Published by Campbell M Gold in Esoteric · Sunday 25 Aug 2024
Tags: Blog, Article, Page, And, What, of, Religion?, parapsychologist, spiritual, development, religion, god, absentee, landlord, freedom, laws, condemnation.
Tags: Blog, Article, Page, And, What, of, Religion?, parapsychologist, spiritual, development, religion, god, absentee, landlord, freedom, laws, condemnation.
And What of Religion?
This material, filled with sensitive and controversial content, is presented here not to influence your opinions but to ignite your academic curiosity. The information and interpretations herein do not reflect any opinion of this editor or our clients. Instead, they invite you to delve into a contentious but crucial re-evaluation.
The following is in response to recent client questions about religion...
Religion
This is an important issue and one that the parapsychologist must be very clear about in his mind. Religion can hamper man’s spiritual development, especially when the religion’s god is an absentee landlord who sets laws in opposition by granting man’s freedom and then condemning man when freedom is exercised. Unfortunately, all of the "formal" religions that I have ever encountered fall into the above scenario, and because god was absent, man created one in his own image. Xenophane (c. 430-354 BC), ridiculing the traditional views of the gods, said: "If oxen and lions had hands, they would make statues of their gods in their own image."

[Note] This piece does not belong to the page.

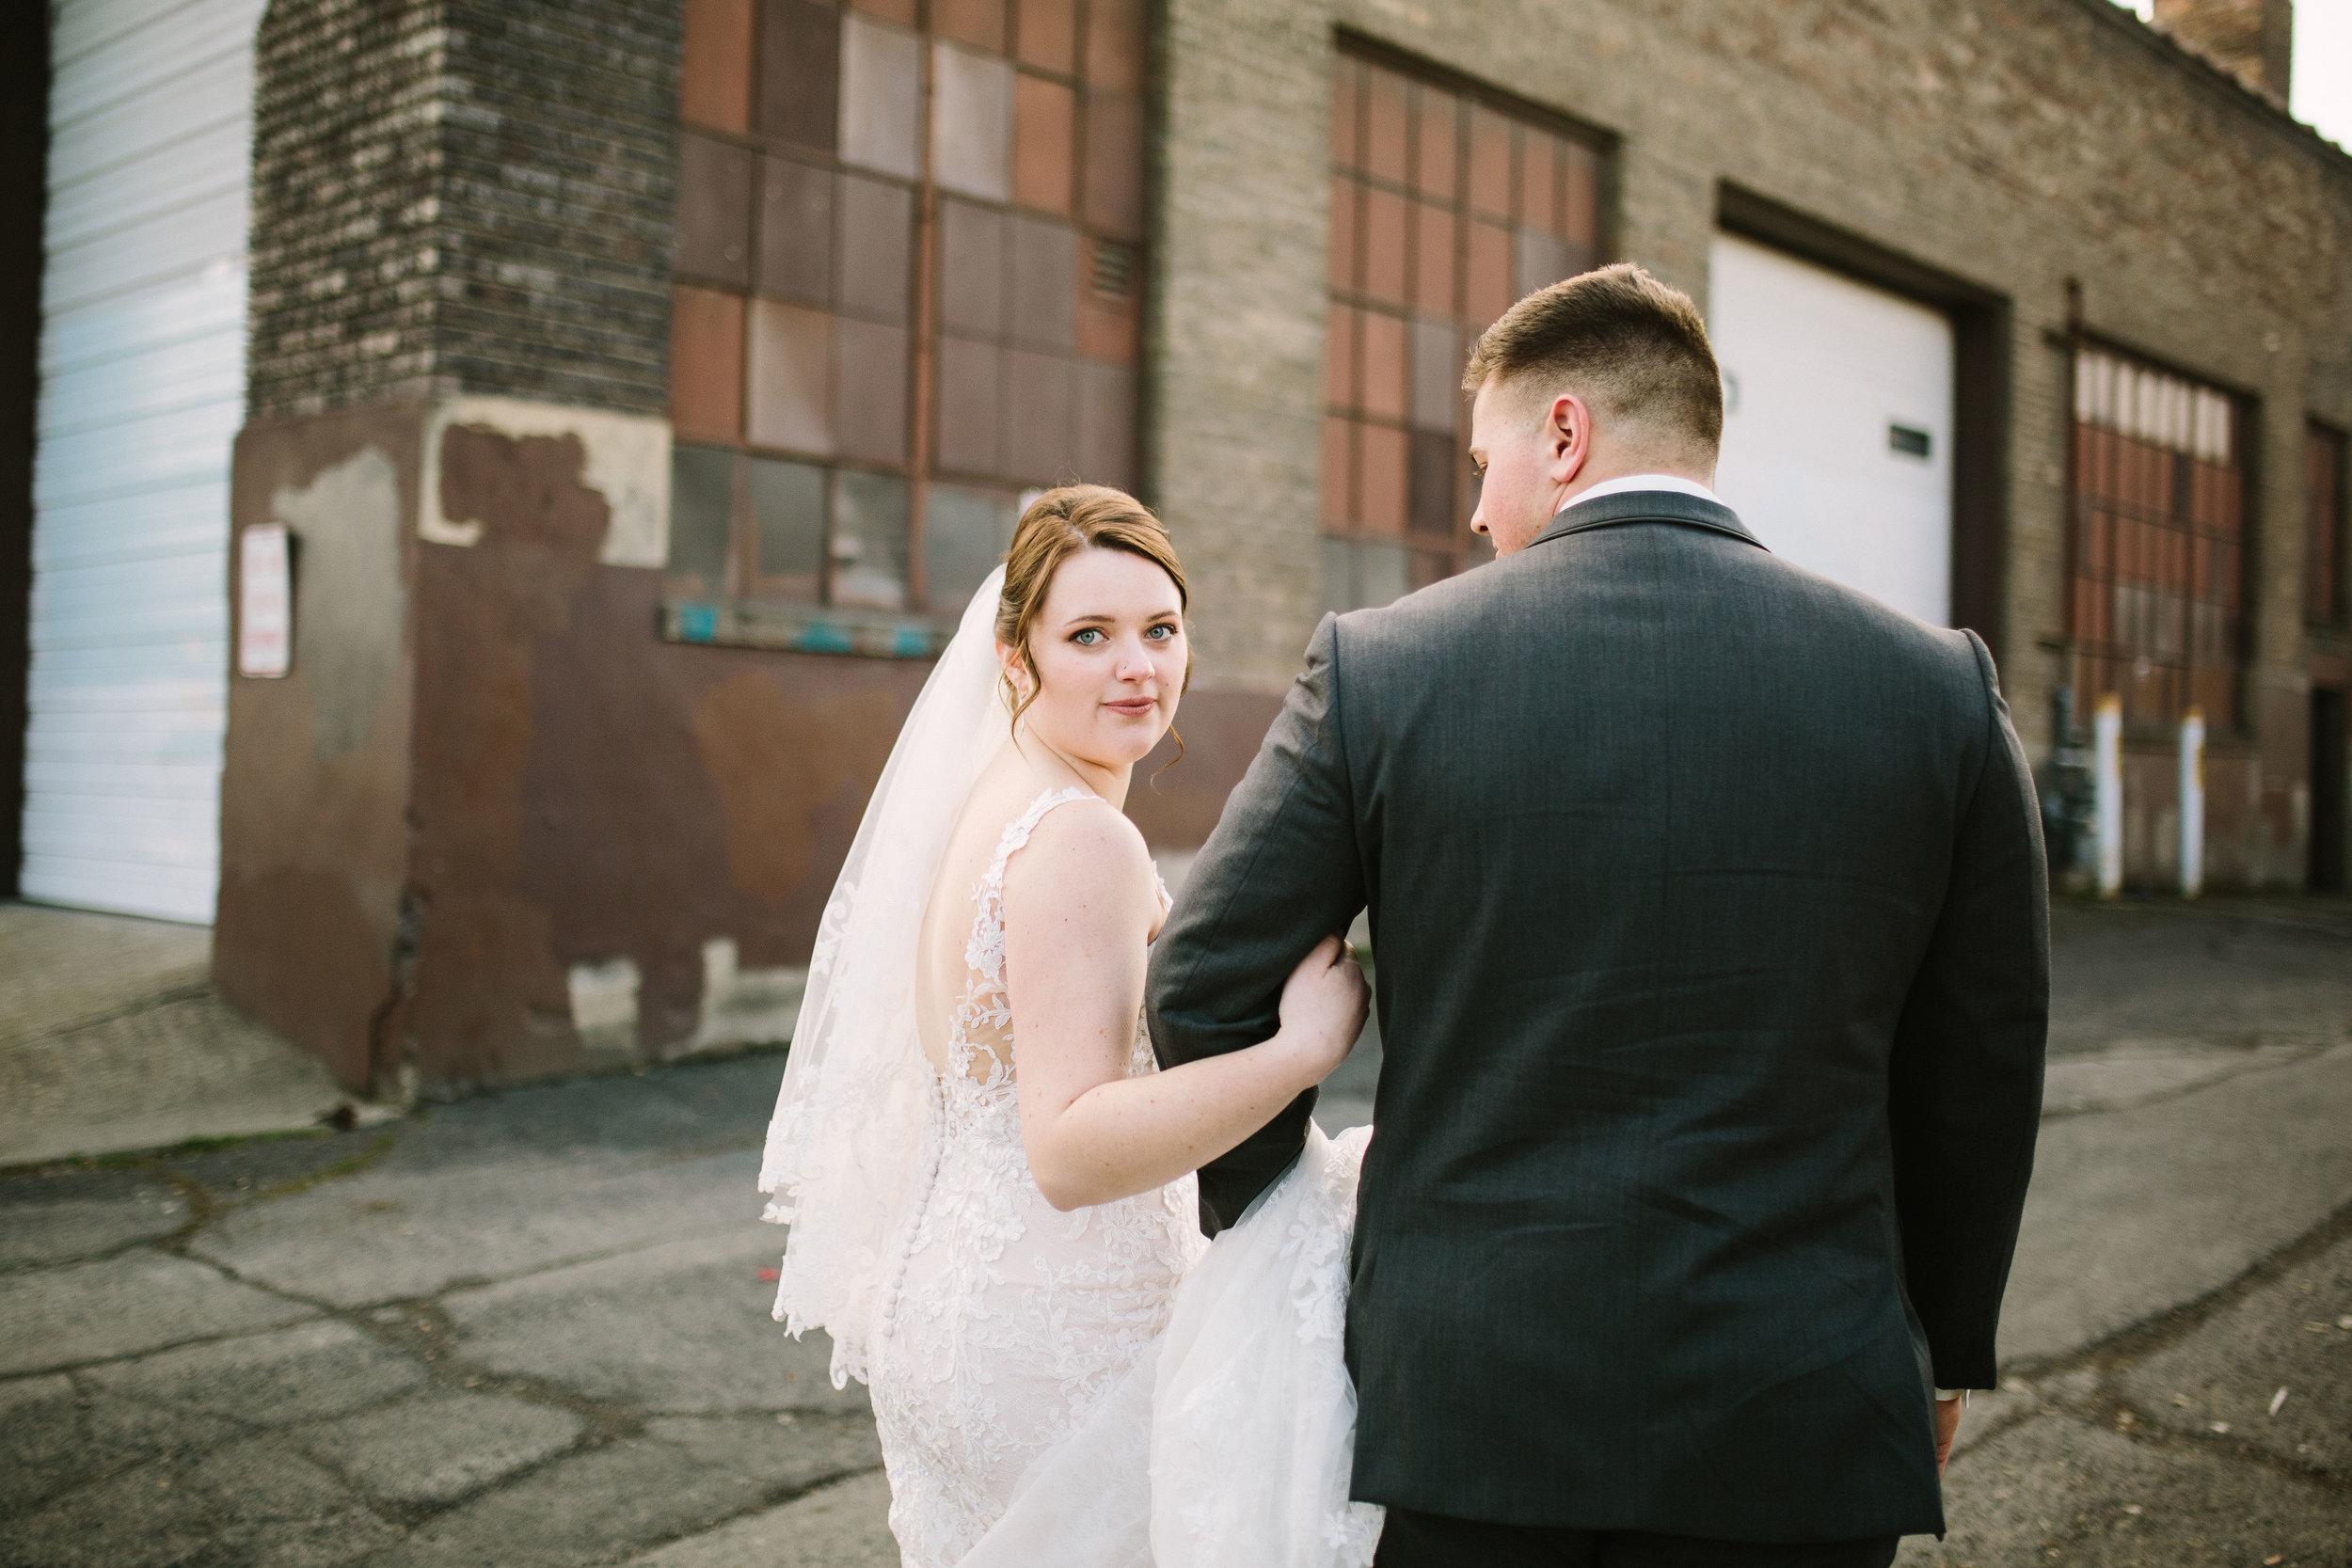 Fun Rustic spokane wedding bride and groom walking away together

I look around and find that the universe is the macrocosm, the child is the microcosm, and the adult is too often the debris after the illusion of religion has supplanted reality. Looking through the eyes of a child, all is seen to be bright, alive, and possible. Looking through the eyes of an adult, all is sterile and acting in obedience. When does the child die into the adult? When they no longer see the magic of life teaming through everything. When does the adult die? When they no longer recognise life. I put my hand into the hand of God, and I was led into a world of darkness, restriction, guilt, sin, pain, and payment for suffering. I put my hand into a child's hand, and I was led into a world of light, colour, love, joy, peace, happiness, and freedom.
Religion, with its absolute rules and punishments for disobedience, denies life and embraces death. How can the embrace of such nihilism ever engender spiritual growth? The answer is that it cannot. As Jonathan Swift said, "We have just enough religion to make us hate, but not enough to make us love one another." On the other hand, I think that religion has done love an excellent service by making it a sin.

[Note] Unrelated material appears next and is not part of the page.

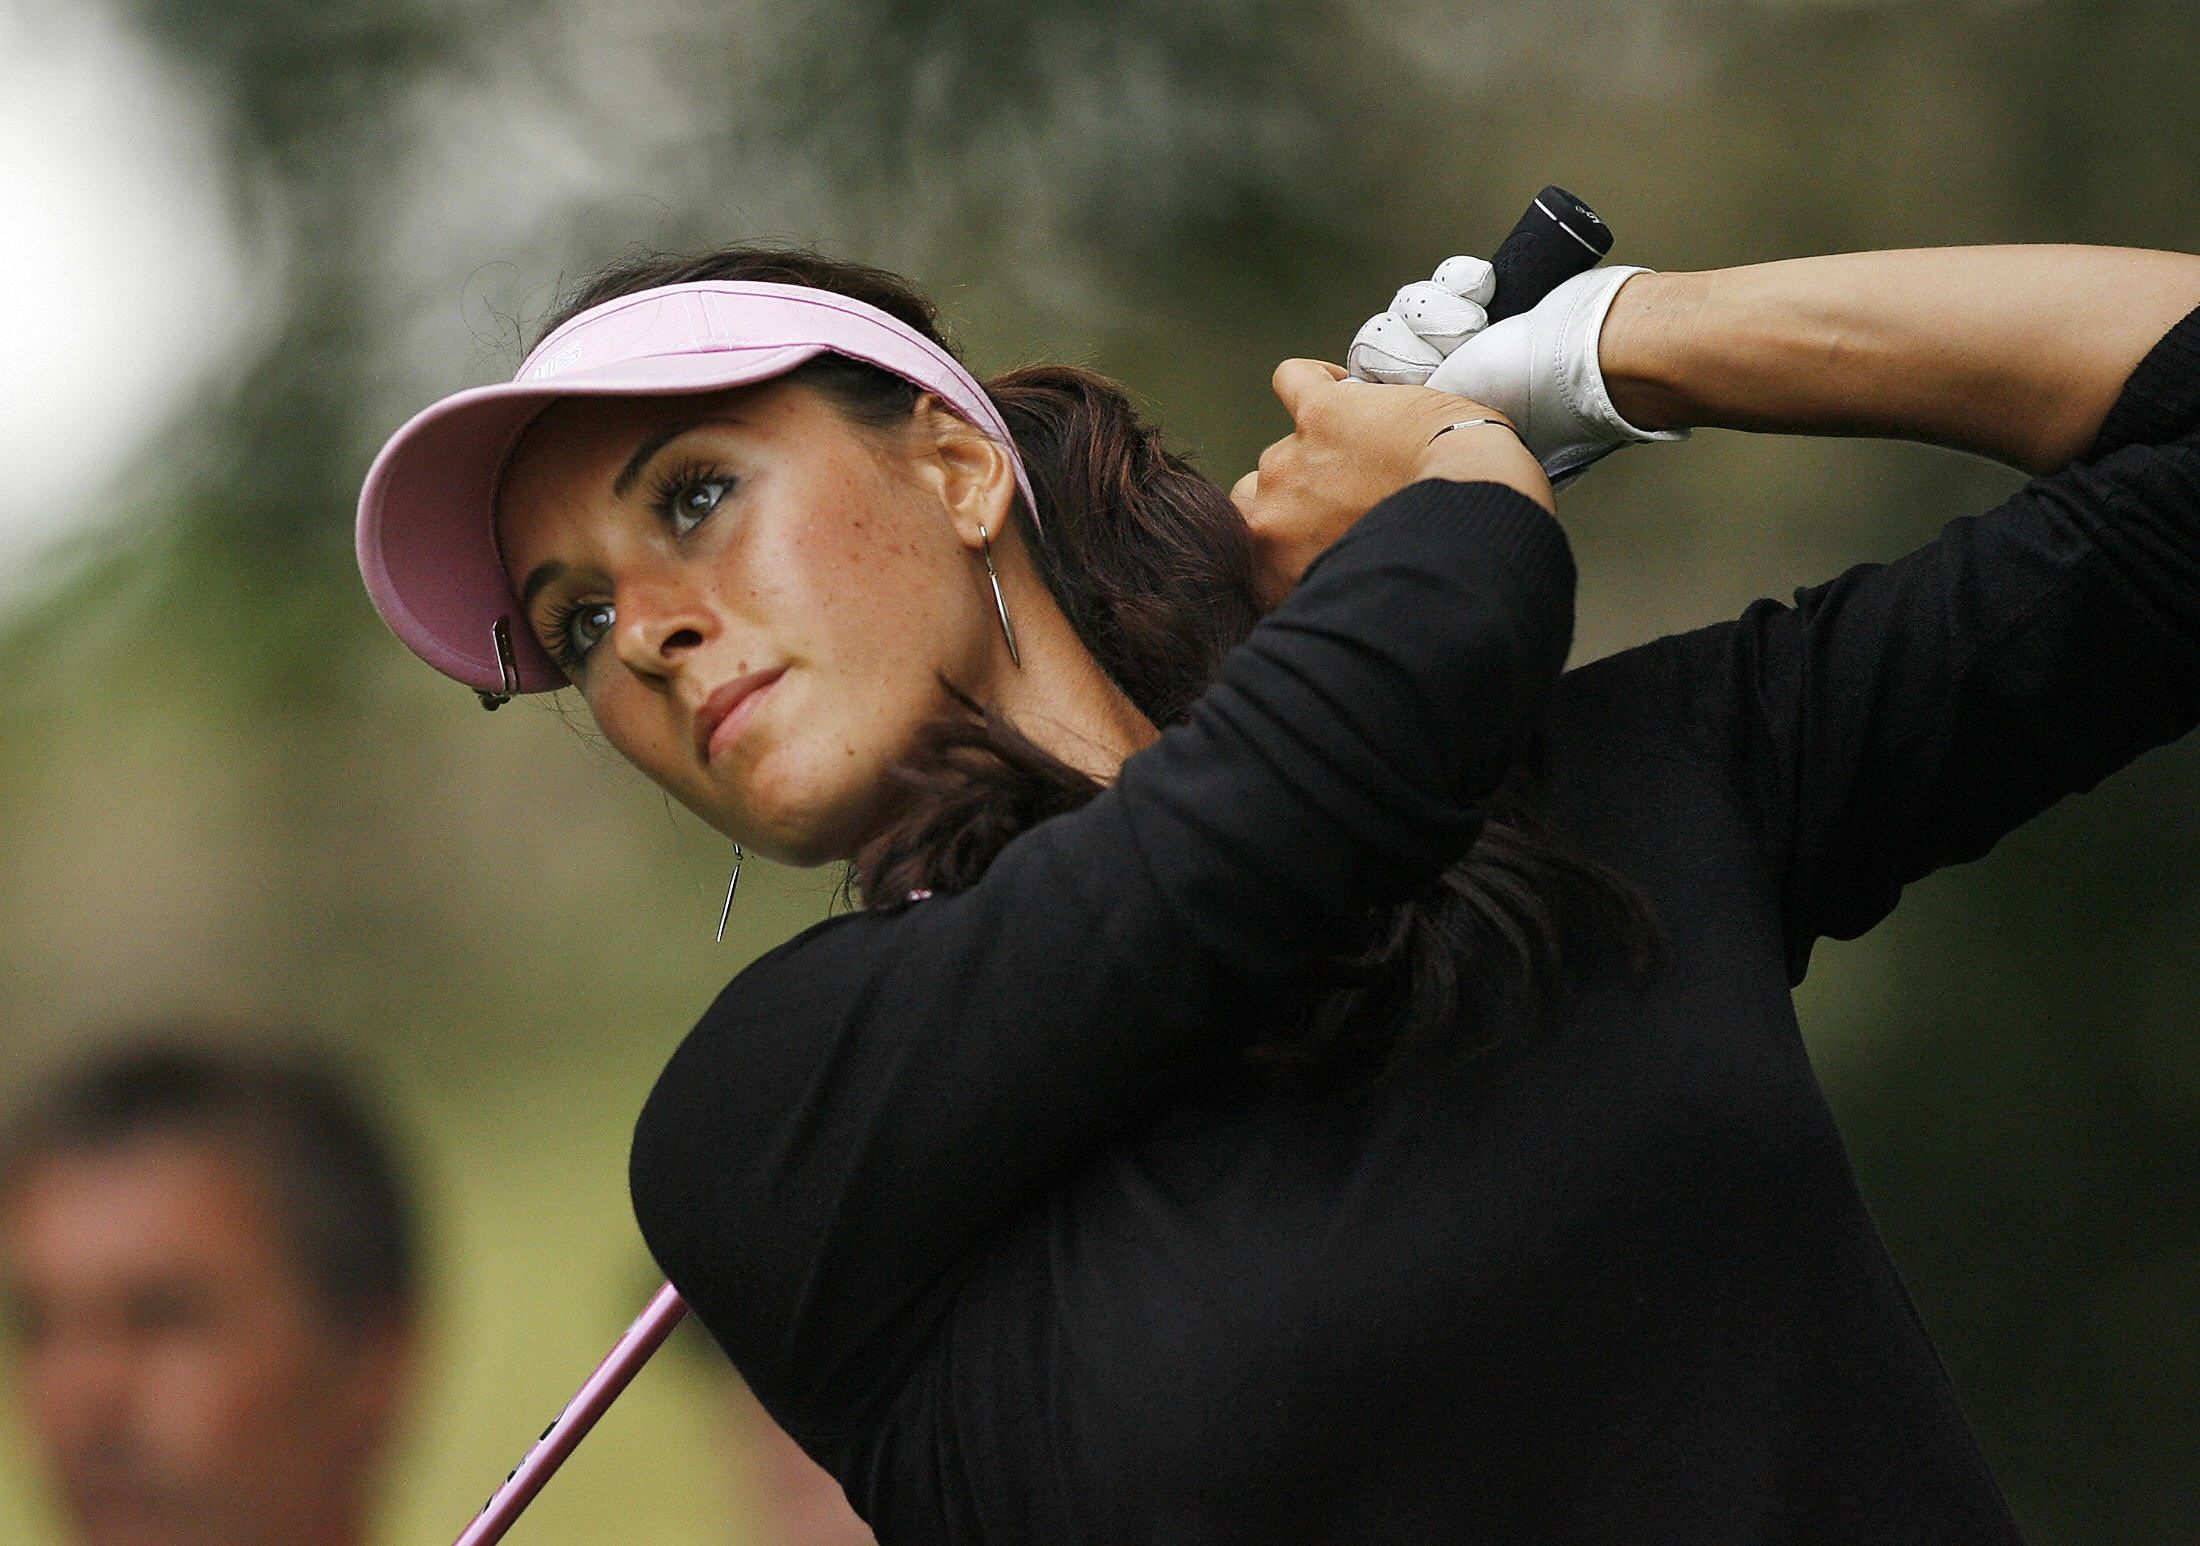 Russian golfer Maria Verchenova watches

On the surface, religion may seem to proffer definitions to spiritual phenomena, and thus disciples are attracted. To create a popular religion, it is only necessary for a superstition to enslave a philosophy (Karl Marx said, "Religion is the opium of the people."). However, when religion is examined closely, it is found to be a power-based pyramidal organisation to extract and exploit energy from the adherent membership. Thus, the religion's organisational structure elevates the honchos at the expense of the adherents. A typical cry of such organisations is, "Only sacrifice will bring forth the blessings of heaven." So only after a life of sacrifice and giving will the individual be able to enter the kingdom of god. As Menander (C. 342-292 BC) said, "Whom the gods love, dies young."
Does this sound familiar? Do the faithful reach heaven after death? Who cares - nobody has ever come back to complain!
This is good business, and by exploiting the individual's "fear of damnation", a religion can squeeze a fortune out of its membership (in vain have I searched the universe for a self-financing God). Saint Fulgentius (468-533) said, "Hold most firmly, and doubt not that not only all the pagans, but also all Jews, heretics, and schismatics who depart from their present life outside the Catholic Church, are about to go into eternal fire prepared for the Devil and his angels." Fear is indeed the great tool of religion, and only the greater tool of knowledge can resist and overcome it.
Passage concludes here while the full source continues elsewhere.